The PEOPLE, Plaintiff and Respondent, v. Edmundo Portillo TORRES, Defendant and Appellant.

Cr. 8569.

Decided: August 05, 1963

Charles V. Eckert, III, Goleta, for defendant and appellant. Stanley Mosk, Atty. Gen., William E. James, Asst. Atty. Gen., and Gilbert F. Nelson, Deputy Atty. Gen., for plaintiff and respondent.

This is an appeal from a judgment after a jury trial convicting defendant of two sales of heroin in violation of Health and Safety Code, section 11501. The indictment also charged and defendant admitted two prior felony convictions, one of which was for possession of narcotics.

The People's case included the testimony of a state narcotics agent that defendant had sold him capsules containing heroin on January 12 and January 25, 1961. Other officers identified defendant as the man who accompanied the buying agent on the critical occasions. There was testimony as to incriminating statements made by defendant at the time of his arrest. Defendant took the witness stand and denied the offenses. He claimed he was at home on the morning of January 12 and was at a motion picture theater with his wife on the evening of January 25. Defendant's wife, her sister, and her mother, all supported the theater alibi.

There is no question as to the sufficiency of the evidence. Defendant's appeal is based upon his contention that the trial court erred in instructing the jury and in excluding certain evidence.

The jury instruction in question arose out of an incident which occurred during the selection of the jury. After the defendant had exercised ten peremptory challenges, the following occurred: ‘MR. ECKERT: Your Honor, if the Court please, the defendant wishes to exercise one more challenge. THE COURT: Well, you have exercised ten. MR. ECKERT: I know, your Honor, but I think that in a case such as this we are entitled to 20. THE COURT: Can you quote any authority for that? MR. ECKERT: Penal Code 1070, your Honor. ‘If the offense charged be punishable with death, or with imprisonment in the state prison for life, the defendant is entitled to twenty and the state to twenty peremptory challenges.’ THE COURT: All right. You may exercise the challenge.'

At the opening of the third day of the trial the judge made a statement to the jury in which he reminded them that counsel had read a portion of Penal Code, section 1070, during the selection of the jury. The judge then admonished the jury that that section had been mentioned only in connection with the number of challenges to be allowed, that it had nothing to do with this case other than the selection of the jury, and that the jury should disregard it entirely. He also told them that they would be instructed that they were not to be concerned with the penalty in this case.

As a part of the instructions given at the close of the trial, the court charged as follows:

‘In arriving at a verdict in this case, you shall not discuss or consider the subject of penalty or punishment, as that is a matter which lies with the court and other governmental agencies, and must not in any way affect your decision as to the innocence or guilt of a defendant. Any statements of counsel made at any time during this trial as to the subject of penalty were not pertinent to nor are they a true statement on that subject. You must, again I admonish you, entirely disregard such statements of counsel.’

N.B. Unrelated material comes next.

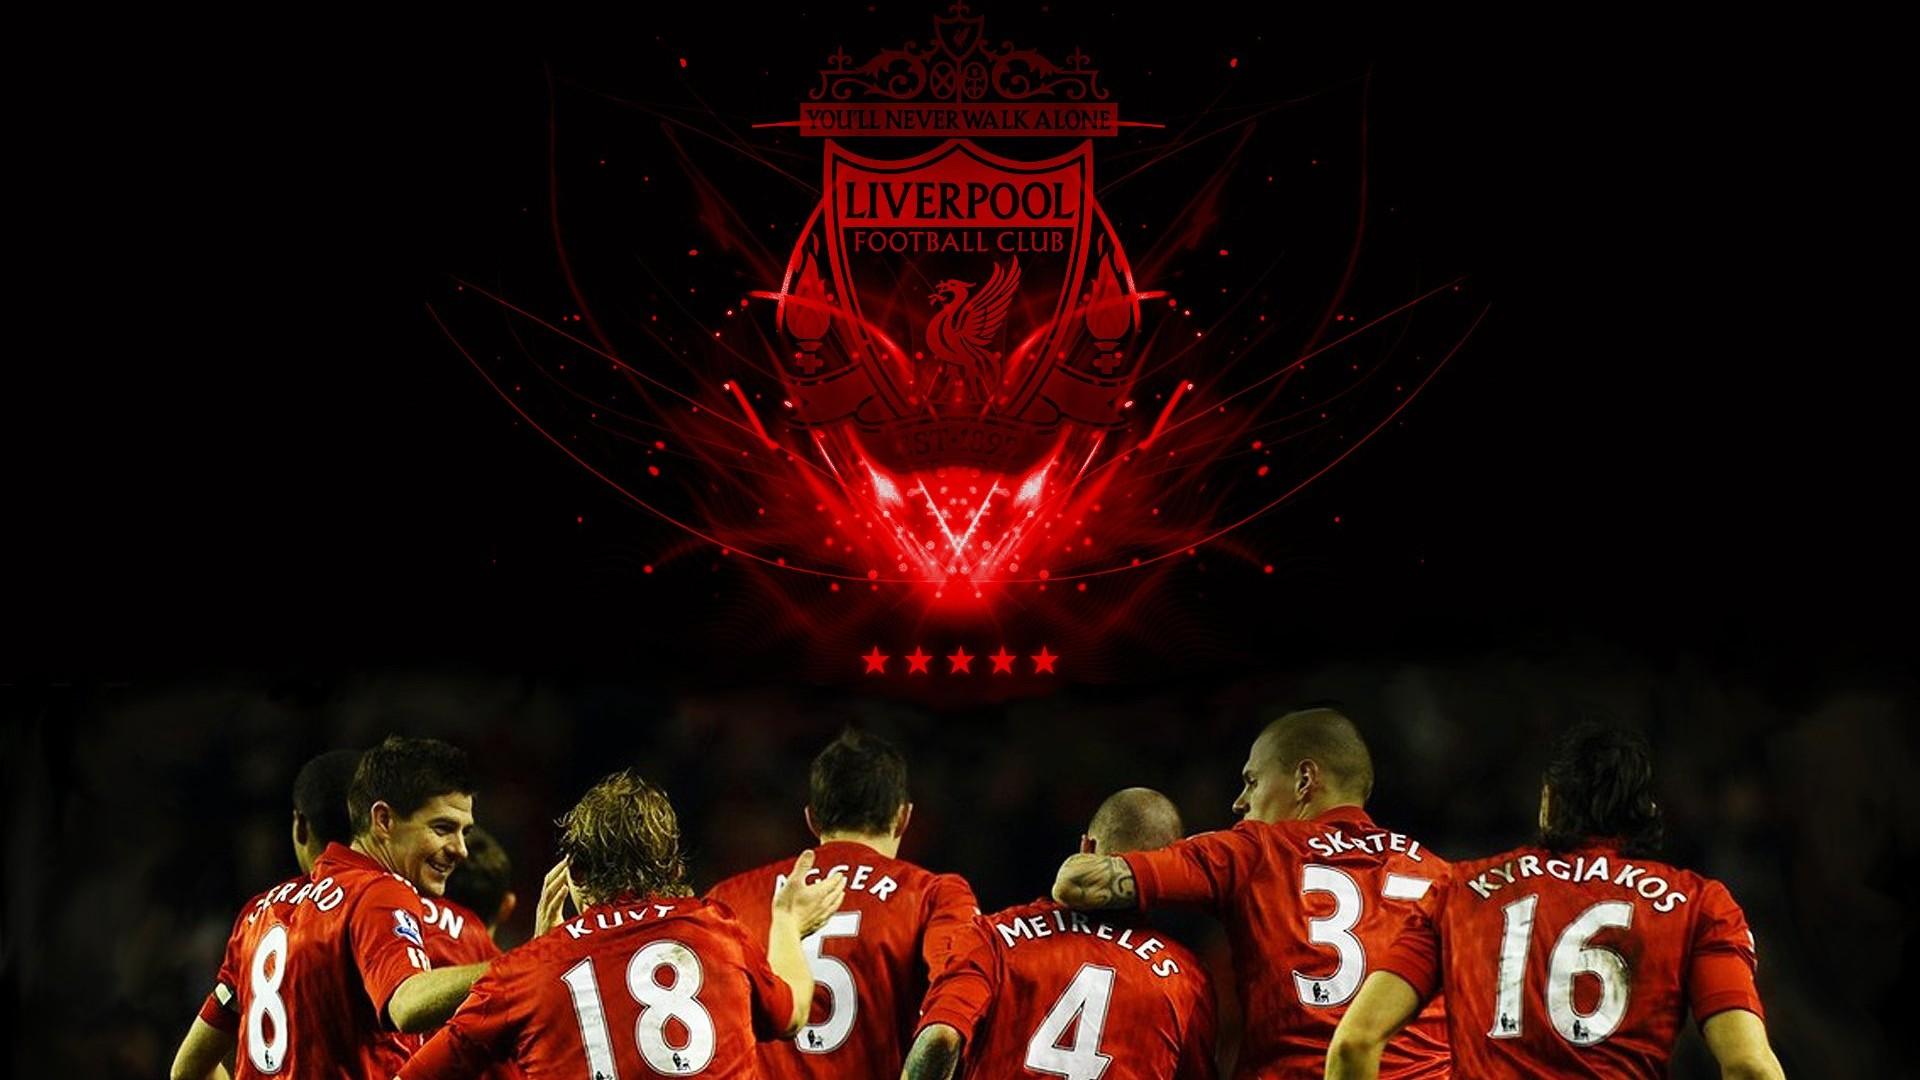 5 50654 photo wallpaper wallpaper sport logo football liverpool liverpool

Defendant's criticism is directed against the portion declaring that the statement of counsel was not ‘a true statement on that subject.’ Defendant's argument appears to be this, in effect: That defendant is subject to ‘life imprisonment’ because the penalty prescribed in Health and Safety Code, section 11501, is ‘from 10 years to life’; that in telling the jury that counsel's statement was not a true statement the court was saying, in effect, that defendant would not be subject to imprisonment for life if convicted; and that by misleading the jury in this respect, the court was offering an improper inducement to find defendant guilty.

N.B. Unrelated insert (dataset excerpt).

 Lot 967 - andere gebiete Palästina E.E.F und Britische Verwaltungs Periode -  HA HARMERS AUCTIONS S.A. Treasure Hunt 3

We do not interpret the instruction to have the meaning or effect which defendant would attribute to it. An offense carrying an indeterminate sentence of 10 years to life is not an offense ‘punishable with * * * imprisonment in the state prison for life’ within the meaning of Penal Code, section 1070. (See People v. Ralph, 24 Cal.2d 575, 579, 150 P.2d 401.) The statement of counsel that he was entitled to more than ten peremptory challenges under that section was certainly not a true statement. Moreover, any characterization of an indeterminate sentence as ‘life imprisonment’ is untrue in the sense that it is misleading unless the function of the Adult Authority under Penal Code, section 3020, is understood. The trial judge in this case wisely avoided attempting to explain this subject to the jurors. He properly concluded that after defendant's counsel had made his unfortunate and inaccurate reference to life imprisonment, the best procedure was to tell the jurors emphatically that they were to disregard the incident and give no thought to the penalty. The instruction given was not improper. Moreover, we cannot agree that this instruction could have the effect of inducing or inviting a conviction, as defendant seems to argue.

Defendant's alibi for January 25 was that he had taken his wife to a motion picture theater. He said he took his two children to the home of his mother-in-law about 7 p. m., arrived at the theater about 7:30, and left the theater to come home about 11:30 or 12. The testimony of the prosecution witnesses was that Agent Narro met defendant at the latter's home about 8 p. m. and the two of them went out together. The sale took place between 8 and 8:45 p. m. Defendant's wife, her mother, and the wife's sister, who lived with the mother, all testified in support of the alibi. There was evidence that it was raining during the evening of January 25.

Defendant established by the testimony of the theater manager that the picture, ‘Sunrise at Campobello,’ which defendant and his wife claimed to have been on January 25, had played at that theater from January 25 through January 31. Defendant then called a meteorologist, who testified to the amount of rain which had fallen on January 25. The witness was then asked, ‘Did it rain at any other time in the seven days thereafter?’ An objection to this question on the ground of immateriality was sustained.

The trial court should have allowed the witness to answer. The fact that January 25 was the only rainy night on which defendant could have seen ‘Sunrise at Campobello’ at that theater tended to support the testimony of the alibi witnesses. The trial took place in July 1962, more than 17 months after the offense. Because of the narcotics agents' policy of delaying their arrests so as to avoid compromising investigations which are pending, defendant was not arrested until May 5, 1962. An innocent man, arrest for an offense allegedly committed 15 months earlier, might have great difficulty in recalling exactly where he was on the evening in question so as to establish a valid alibi. If the defendant or others in the family recalled that he had seen ‘Sunrise at Campobello’ on a rainy night, the fact that January 25 was the only rainy night of that week would be crucial in establishing the date. Unless the defense witnesses established the date in some such manner, the jury might wonder how defendant's witnesses could be so certain that January 25 was the night the defendant was in the theater. Unless it was shown that there was no rain on the succeeding evenings, it could be inferred that defendant's witnesses had made an honest mistake in confusing one rainy night with another.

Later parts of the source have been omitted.